AON rescue of intron 13 splicing defects. (A) Schematic representation of identified PEs in intron 13 and the relative positions of the AONs designed to target them. White boxes correspond to exons while gray boxes with stapled lines represent PEs. In gel images, sequenced are numbered and the corresponding defect is illustrated on the right. Representative image of RT-PCR performed after treatment with AON-A (B) or AONs B to D (C– and D). Treatment was performed in HEK293T cells, previously transfected with the wild-type (WT) midigene (BA11) or the construct containing one of the intron 13 variants. Midigene transfected cells which were not treated are indicated as NT while the label SON indicates lanes treated with the control scrambled oligonucleotide. NTC were used as endogenous expression control. In all RT-PCR experiments plasmid artifacts of more than 800 nt of length were observed. Amplification of RHO exon 5 was used as transfection control. Percentages of WT and mutant (MUT) transcript are reported as average ± SD (n = 2) after semiquantification. AON, antisense oligonucleotide; MUT, mutant; NTC, nontransfected cells; PEs, pseudoexons; RT-PCR, reverse transcription-polymerase chain reaction; WT, wild-type.

FIG. 3.

AON rescue of intron 44 splicing defects. (A) Schematic representation of identified PEs in intron 44 and the relative positions of the AONs designed to target them. White boxes correspond to exons while gray boxes with stapled lines represent PEs. Strong exonic splicing enhancer motifs for SRSF2-SC35 are indicated with the abbreviation ESE. In gel images, sequenced are numbered and the corresponding defect is illustrated on the right; dotted lines denote exon skipping and the symbol (Δ) stands for exon skipping. (B) Representative image of RT-PCR performed after treatment with AON-E or AON-F. Treatment was performed in HEK293T cells, previously transfected with the wild-type (WT) midigene (BA28) or the construct harboring variant c.6148-84A>T. Amplification of RHO exon 5 was used as transfection control. NT indicates lanes of cells transfected with midigene construct but left untreated, while the label SON indicates lanes treated with the control scrambled oligonucleotide. NTC were used as endogenous expression control. Percentages of WT and mutant (MUT) transcript are reported as average ± SD (n = 2) after semiquantification. AON, antisense oligonucleotide; ESE, exonic splicing enhancer; MUT, mutant; NTC, nontransfected cells; PEs, pseudoexons; RT-PCR, reverse transcription-polymerase chain reaction; WT, wild-type.

Table 1.

Sequence and Characteristics of the Antisense Oligonucleotides Used to Target Complex Splicing Defects

Region	Target	AON #	Sequence (5′−3′)	Length (nt)	Tm (°C)	GC (%)
Intron 13	PE1	AON-A	CUCCCAGGAACCAGACCUA	19	62.2	57.9
	PE2	AON-B	GUUUCACUCAAGGUGGCCCU	20	65.7	55.0
	PE2-PE3	AON-C	CUACCUGGCAAACAGGAUAG	20	59.3	50.0
	PE3	AON-D	GGUGGAGGAGACCCUGGUAU	20	64.5	60.0
Intron 44	PE4-PE5	AON-E	GCUUCAGGCGCCAGACAGG	19	71.0	68.4
Intron 44	PE4-PE5	AON-F	CUCACGCCUCCAGAAUGAA	19	64.5	52.6
—	—	SON	CGCCAAUUGCAAGGUGAUUCC	21	49.2	52.4

AON, antisense oligonucleotide; NT, nucleotides; PE, pseudoexon; SON, scrambled oligonucleotide; Tm, melting temperature.

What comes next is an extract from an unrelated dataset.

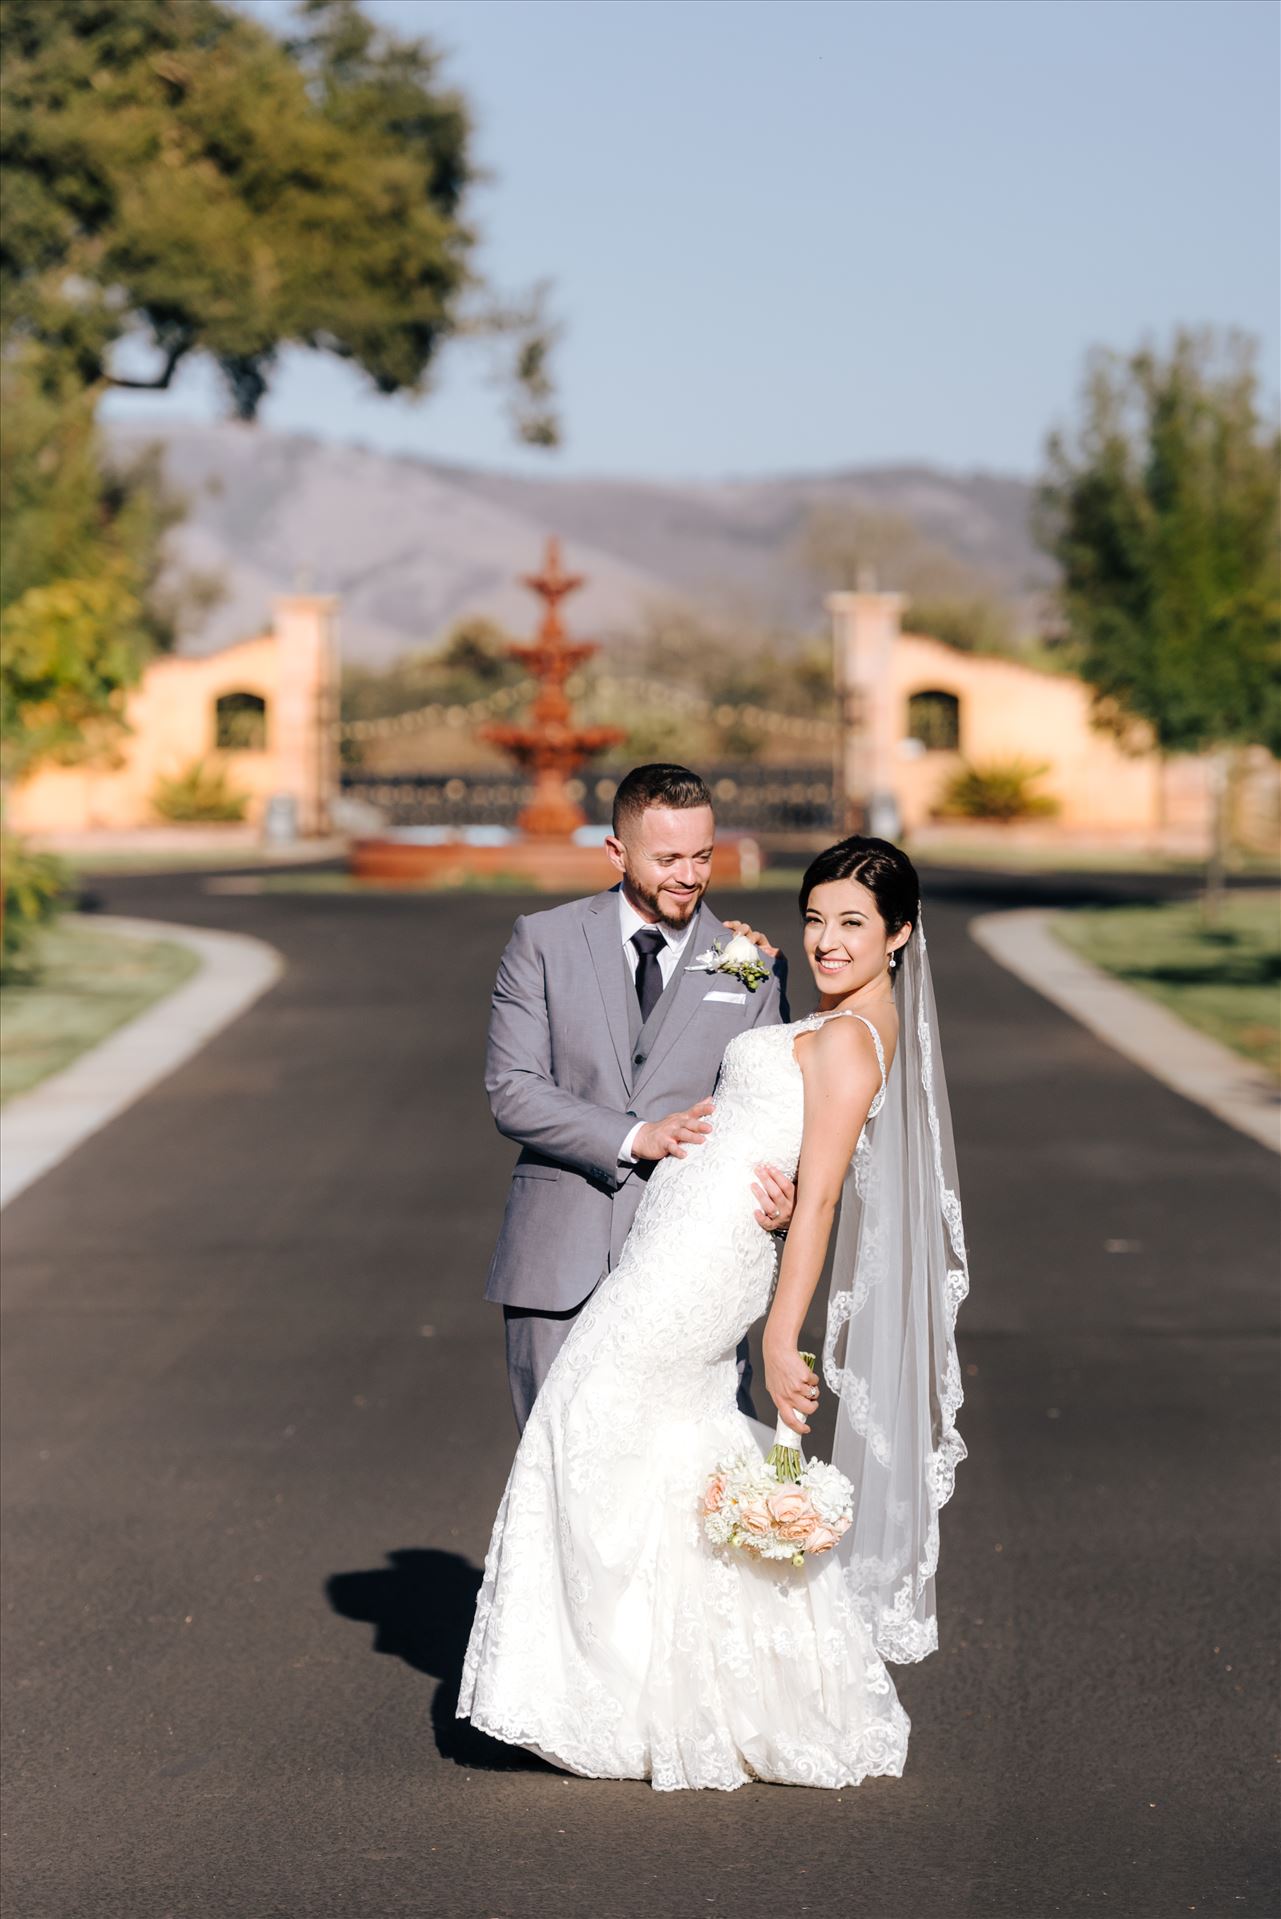 FW-5336.JPGArroyo Grande California Country Chic and Elegant wedding by Mirror's Edge Photography, San Luis Obispo County Wedding Photographer.  Bride and Groom at A&C Ranch.

Midigene-based splice assay and AON efficacy

The efficacy of the AONs was assessed in vitro by splice assays of two midigene constructs (BA11 and BA28, Supplementary Fig. S1). Briefly, wild-type (WT) and mutant midigenes were transfected in HEK293T cells and subsequently treated with 0.5 µM of AON, scrambled oligonucleotide (SON) or were left untreated as controls. After reverse transcription polymerase chain reaction (RT-PCR), transcripts were analyzed by agarose electrophoresis gel and Sanger sequencing (Supplementary Figs. S2–S6), followed by Fiji software densitometry analysis (Supplementary Table S1 and S2).³² All primers used can be found in Supplementary Table S3. The complete description of the splice assay protocol performed is reported in Supplementary Data S1.

Results

Deep-intronic variant c.1938-724A>G results in a complex splicing defect

The novel variant c.1938-724A>G was identified in a Canadian proband who was selected for complete ABCA4 locus sequencing as only one pathogenic variant, c.71G>A;p.(Arg24His), was found in the coding regions of ABCA4. SpliceAI scores for c.1938-724A>G showed a strong SDS gain (DG = 0.58, at position c.1938-724) and a strong SAS gain (AG = 0.61, at position c.1938-797), suggesting a high likelihood that the variant could lead to a PE inclusion (Supplementary Table S4A). Consequently, splice assay analysis of this variant revealed multiple splicing alterations (Fig. 1A). The most abundant transcript, corresponding to 72% of the total RT-PCR product, carried a short PE of 73 nt (PE2), as predicted by SpliceAI. The second main transcript (24% of total RT-PCR product) corresponded to the inclusion of PE2 in combination with the known upstream PE1, which was previously described both on its own and in combination with different PEs.^13,15,29 Both defects introduce a premature stop codon and are expected to trigger nonsense-mediated decay. As aberrant splicing was observed in 96% of the total transcript, the variant was classified as severe, following the genotype-phenotype correlation model for ABCA4-associated retinopathies.¹¹ The updated RNA and protein notations (hg19, NM_000350.3) are r.[1937_1938ins1938-797_1938-725,[1937_1938ins1937+396_1937+529;1938-797_1938-725]] and p.[Phe647Alafs*24,Phe647Serfs*24], based on semi-quantification of the cDNA products.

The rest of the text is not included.